Halloween on the 3300 Block of Beauchamp
Since 2002, we’ve put a vast effort into Halloween. It started one day when Stella came home with an 8-foot, purple, inflatable spider. I could not just plop this guy down in the yard. That lacked context. So, I dyed some sisal rope and built him a home, in the form of a 20 foot tall, illuminated spider web. A nice backdrop against which to give out candy to the kiddos.
Every year we’d tweak the presentation a bit. We added fog machines and lights. More fog machines. More lights. Better fog machines. Still more lights.
We added music! Loud, but not too loud. Enough skeletons to have our own baseball team. Bigger, badder fog machines with built-in dry ice chambers!
And there were pumpkins. Lots of pumpkins, artfully carved by friends and family.

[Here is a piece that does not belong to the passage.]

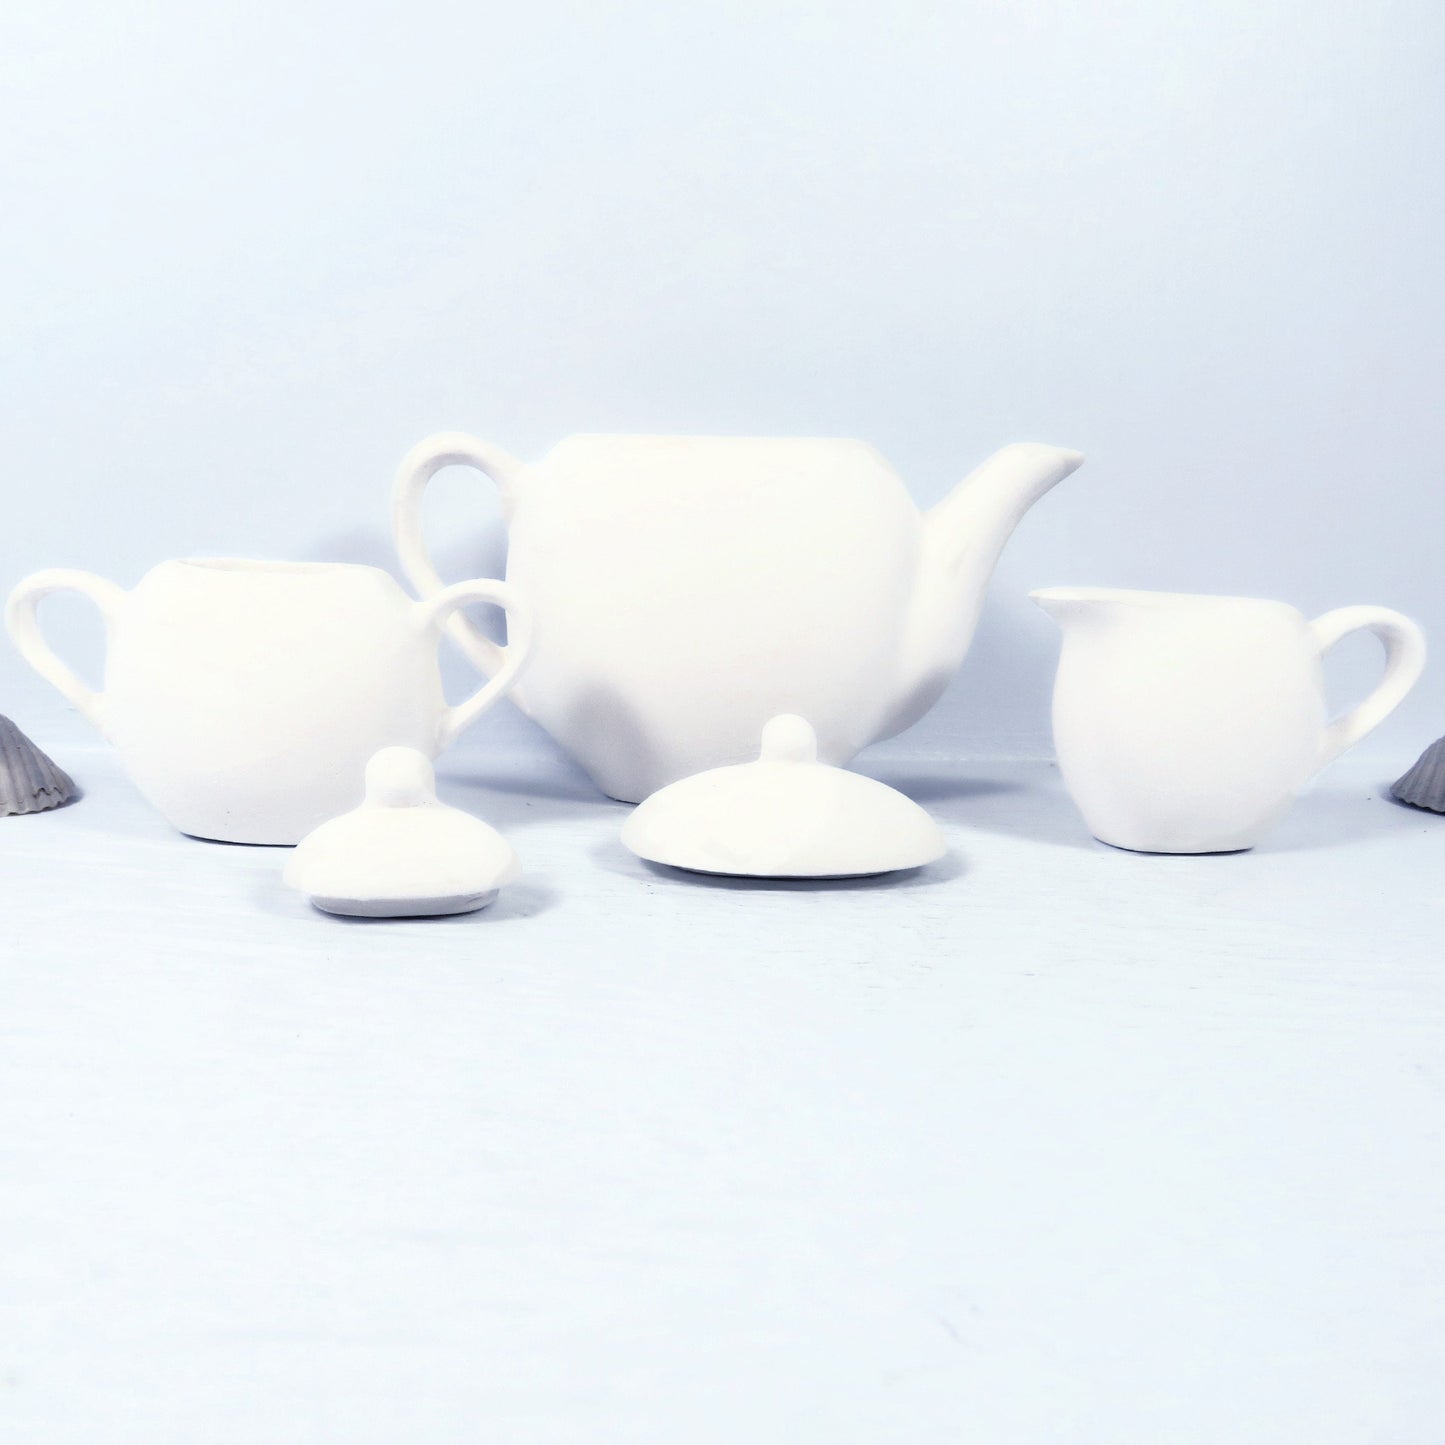 Miniature Unpainted Ceramic Tea Set / Paint it Yourself Tea Set / Ceramics to Paint / Paintable Ceramic Decor / Small Tea Pot and Cups
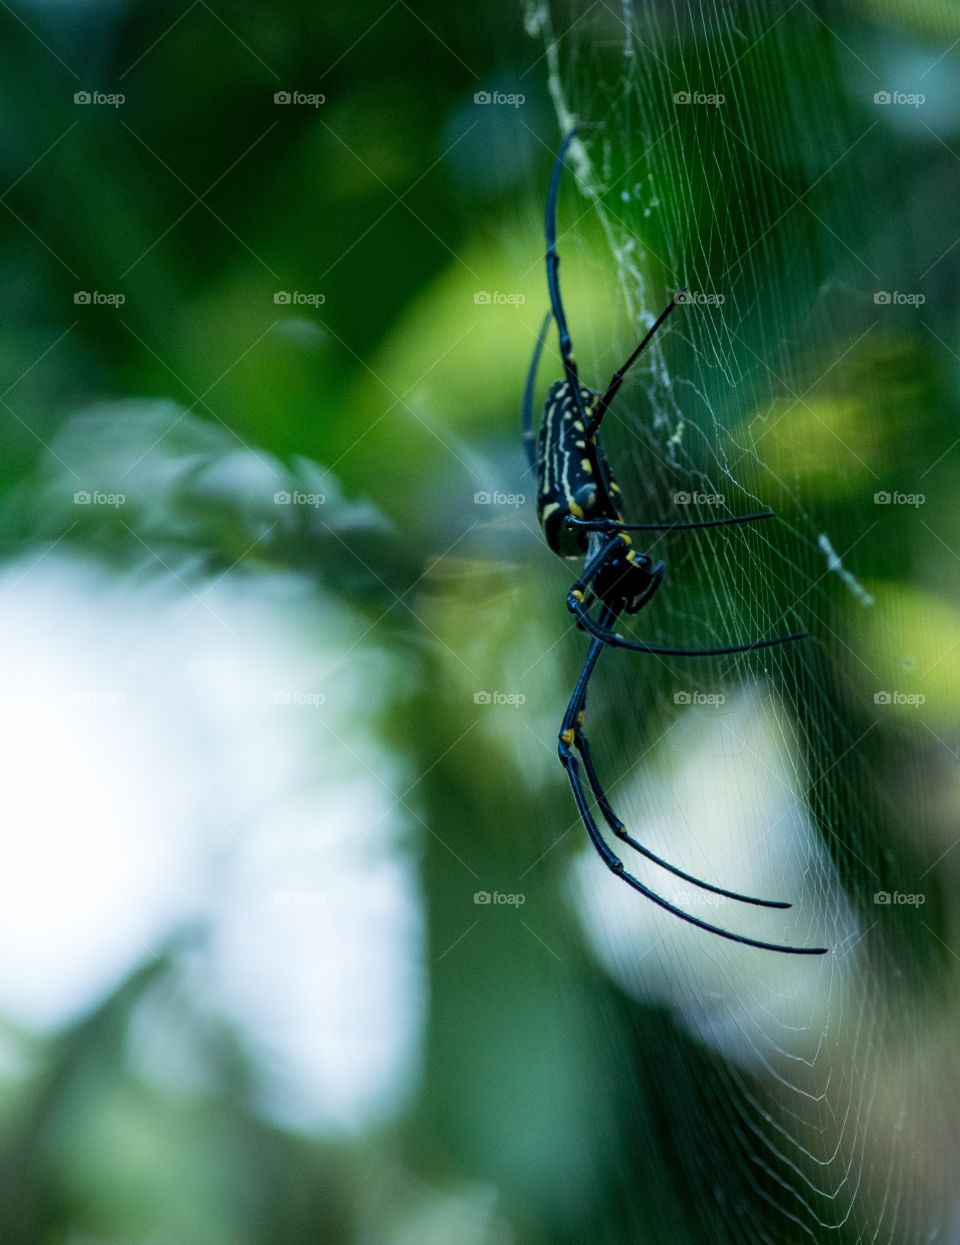 spider up close

Stella’s amazing pumpkin carving was met by Philips Hue color changing light bulbs and the amazing Hue Halloween app. That’s a fine solution adding dramatic lights sequenced to scary sound effects!
We did not do this alone. We had help in the form of our regular Beauchamp Street Boo Crew, many of whom came in costume. Some sweet. Others quite frightful.
Many families stop to take pictures of their little ones in the scary scene, with our costumed crew.
The idea is to be scary, but not too scary. We know we’re on target if, on that fateful night, one or two kids around 4 years old are simply too scared to enter our gate. Yes, one or two genuine screams from wee kiddos is the measure of it.
Stella has forbid me getting a fire-breathing dragon. A few years back I thought for sure she’s allow it, since she enjoyed Game of Thrones. But alas, I cannot.
The reward for those who are brave is candy, copious amounts of candy. We are not stingy on either quantity or quality. As my friends at Rodeo Houston always say, “…it’s for the kids.”
The result of all this effort, spanning over 15 years, is that we always draw a huge crowd. In the three hours from 6 – 9pm we are visited by 1000+ kids and their families.
That brings me to the reason for this post. We’ve been thinking about this a lot, and we simply cannot see a way to stage our annual Halloween presentation in a Covid-safe manner. So this year, we’re just not going to do it. The goblins are getting a much needed rest. The skeletons, those party animals who stayed up all this year, are finally being put into storage. Target will have to do without our annual investment in primo candy.
Every family has to make their own decisions about how to proceed in the era of Covid-19. We thought that sharing our decision about Halloween, at this early stage, might help others to work through their own thoughts on the matter.
This post first appeared on the website of the Woodland Height Civic Association, which I oversee. There it is supported by a gallery of around 50 images of Halloween from 2002 to 2019. Last year I set about to document some of the things we’ve learned and tech that we’ve used in staging our annual Halloween event. I’m reposting this here in the hope that it will be the start of some of that past effort being completed in the coming weeks.